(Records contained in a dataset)
━━━

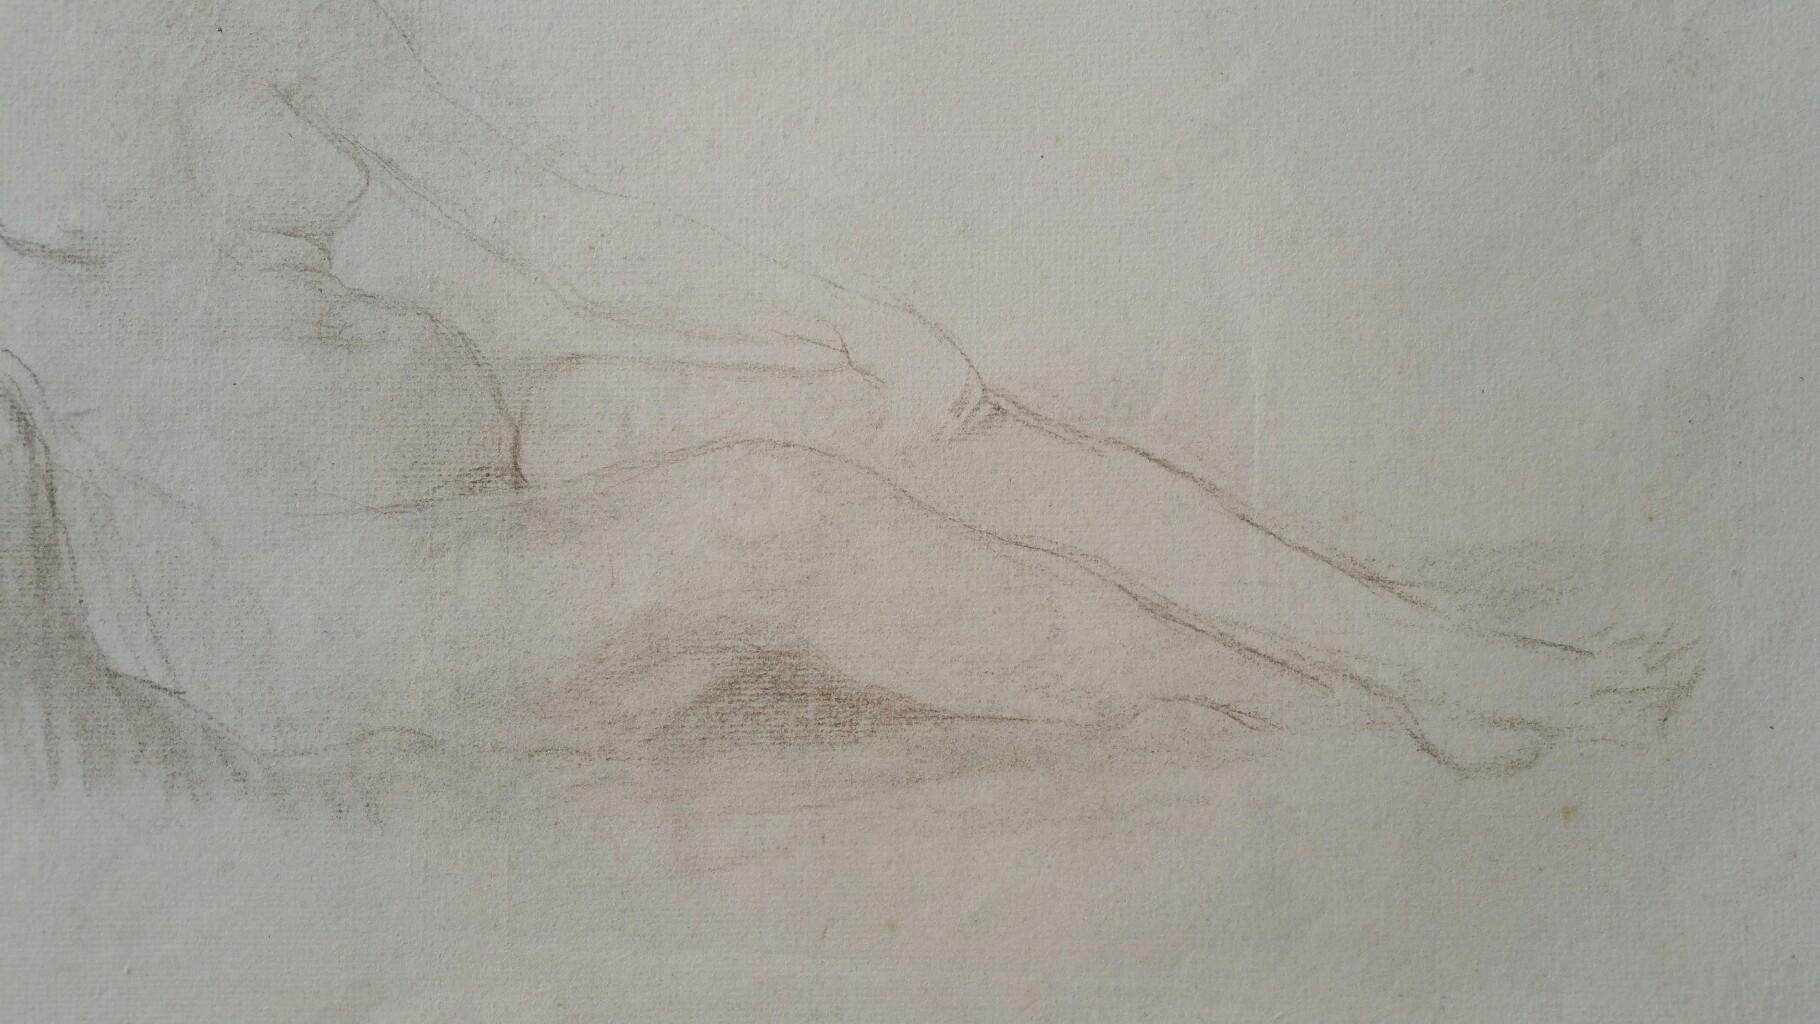 English Graphite Sketch of a Female Nude, Reclining (double sided sheet, another similar image verso)
by Henry George Moon (British 1857-1905)
on off white artists paper, unframed
measurements: sheet 15 x 21 inches 

provenance: from the artists
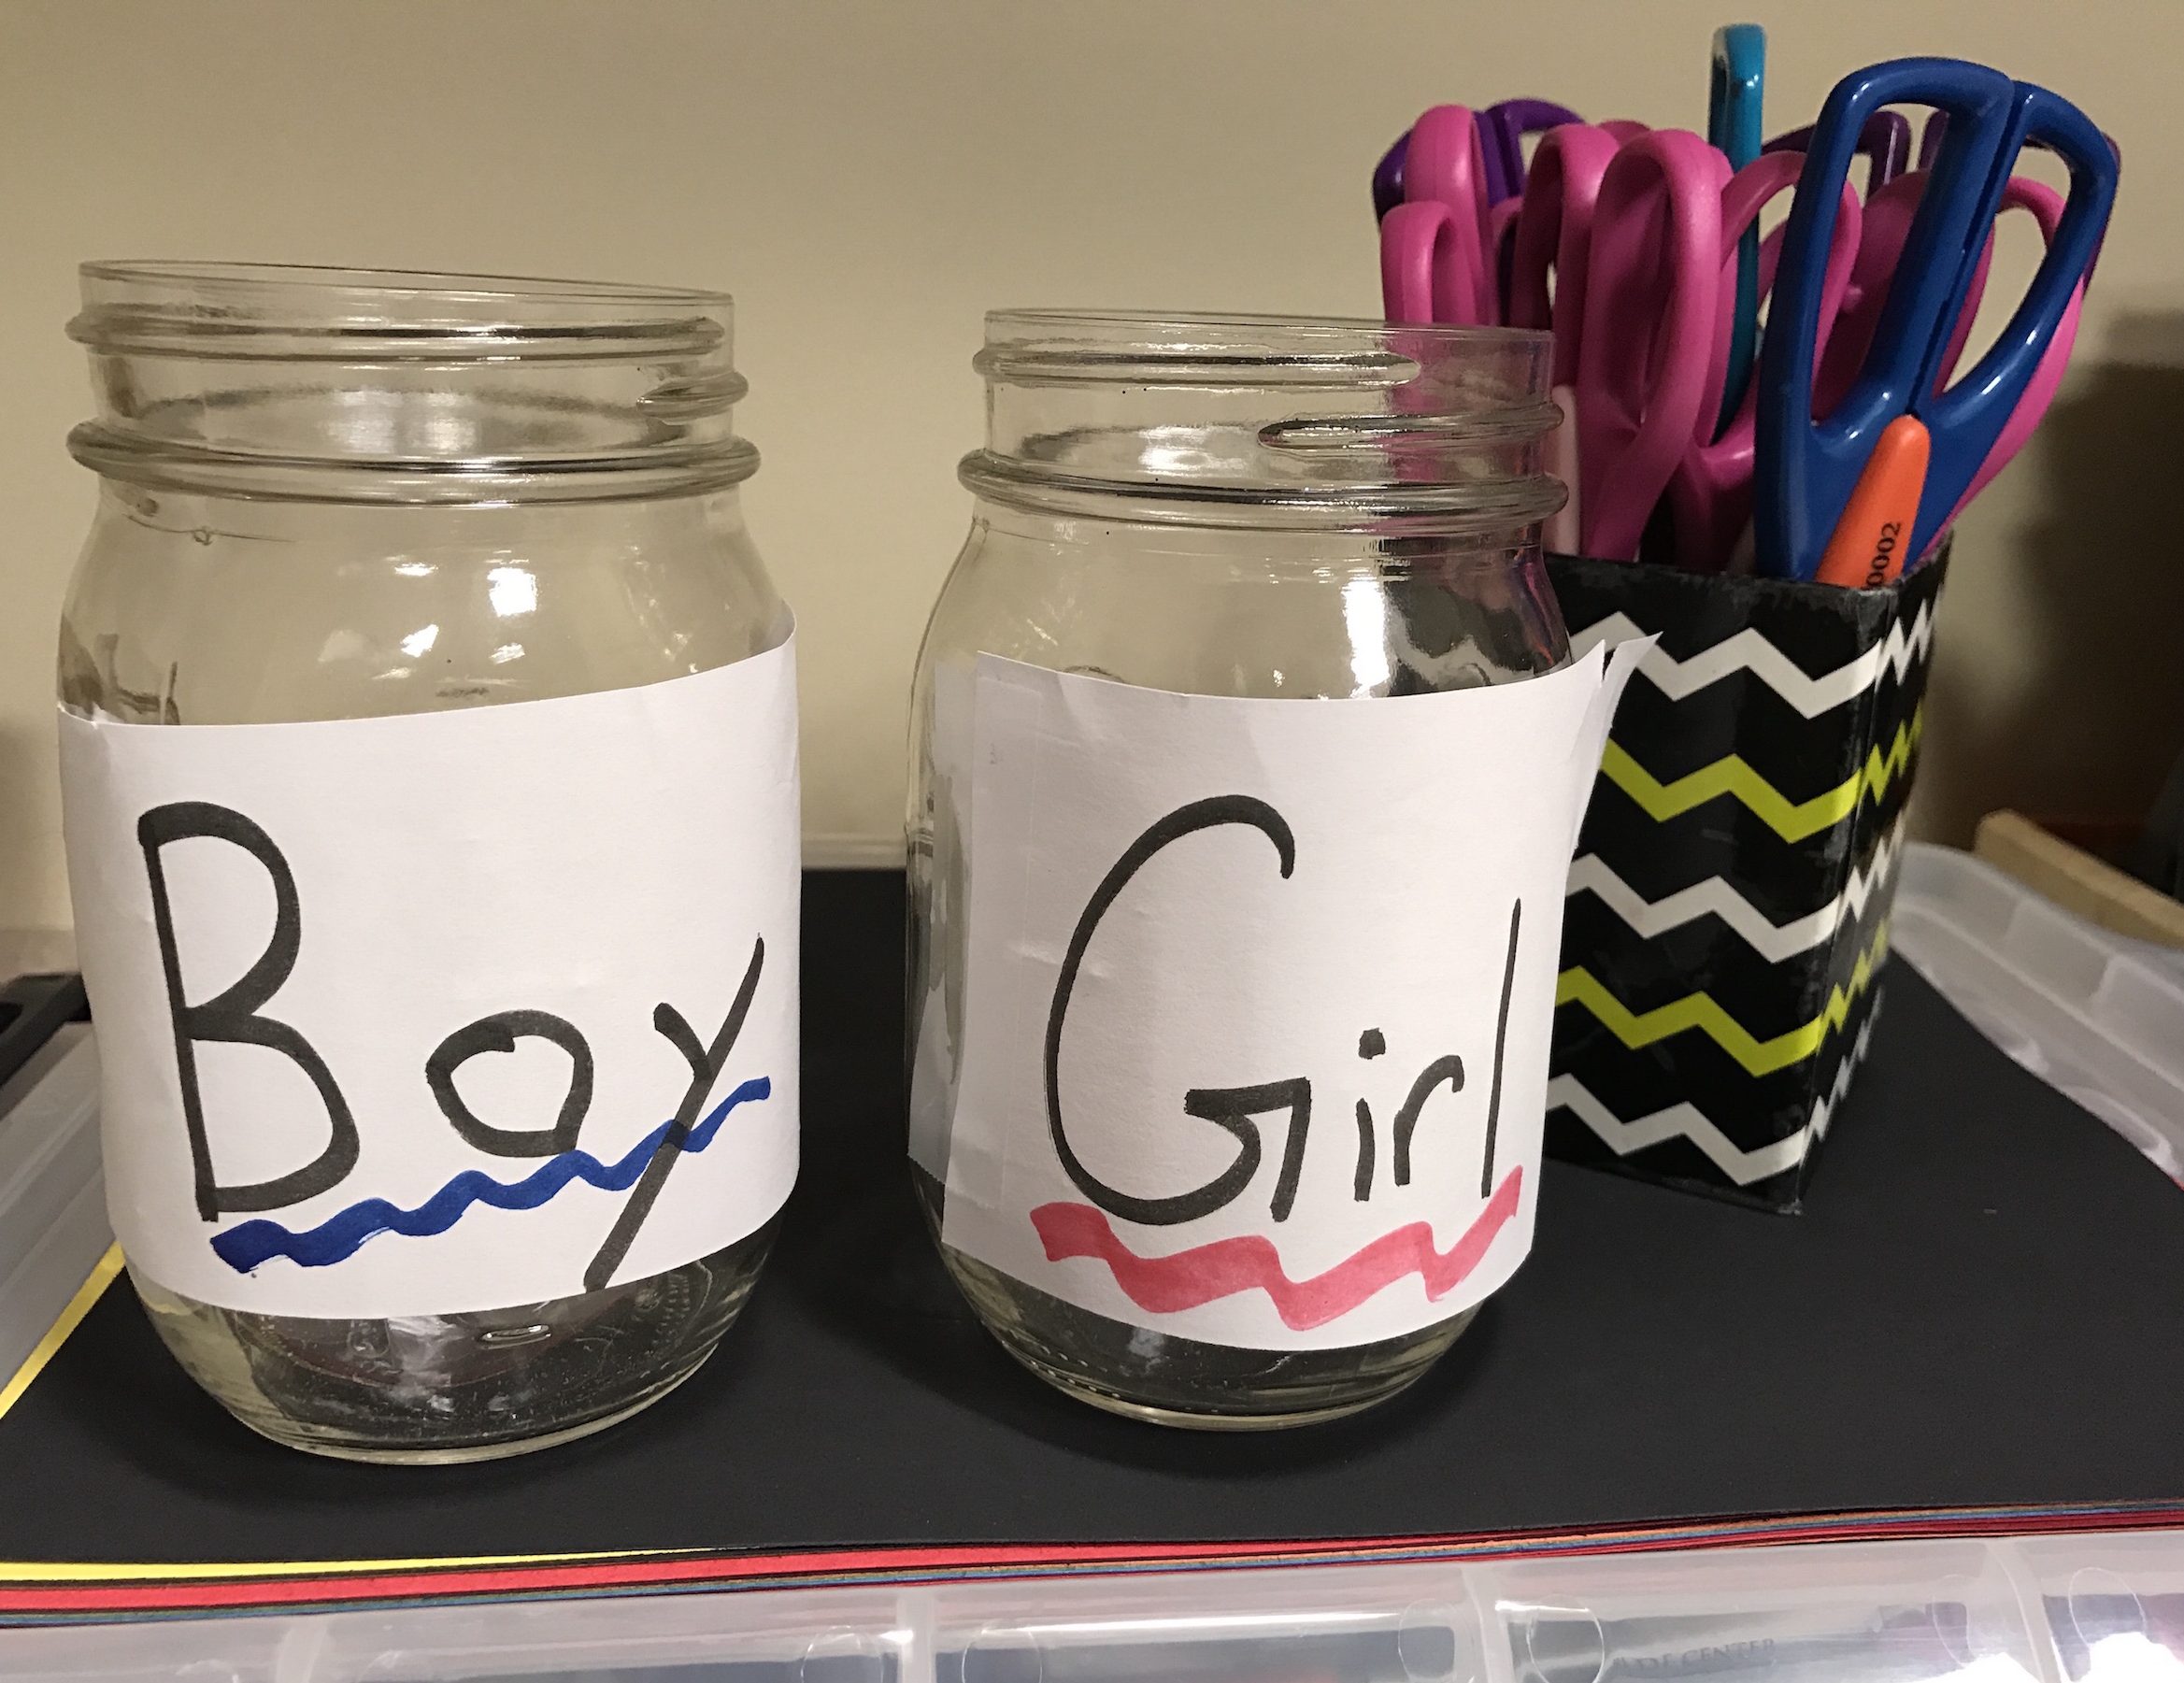 Two jars were marked boy and girl to allow attendees to decide which jar to put images like cars, makeup and superheroes in.
(Photo by Sharlene Phou)

━━━

TASK TO CARRY OUT → The total, and only the total: count the lines above that contain "artists".

RESPONSE BOX → 2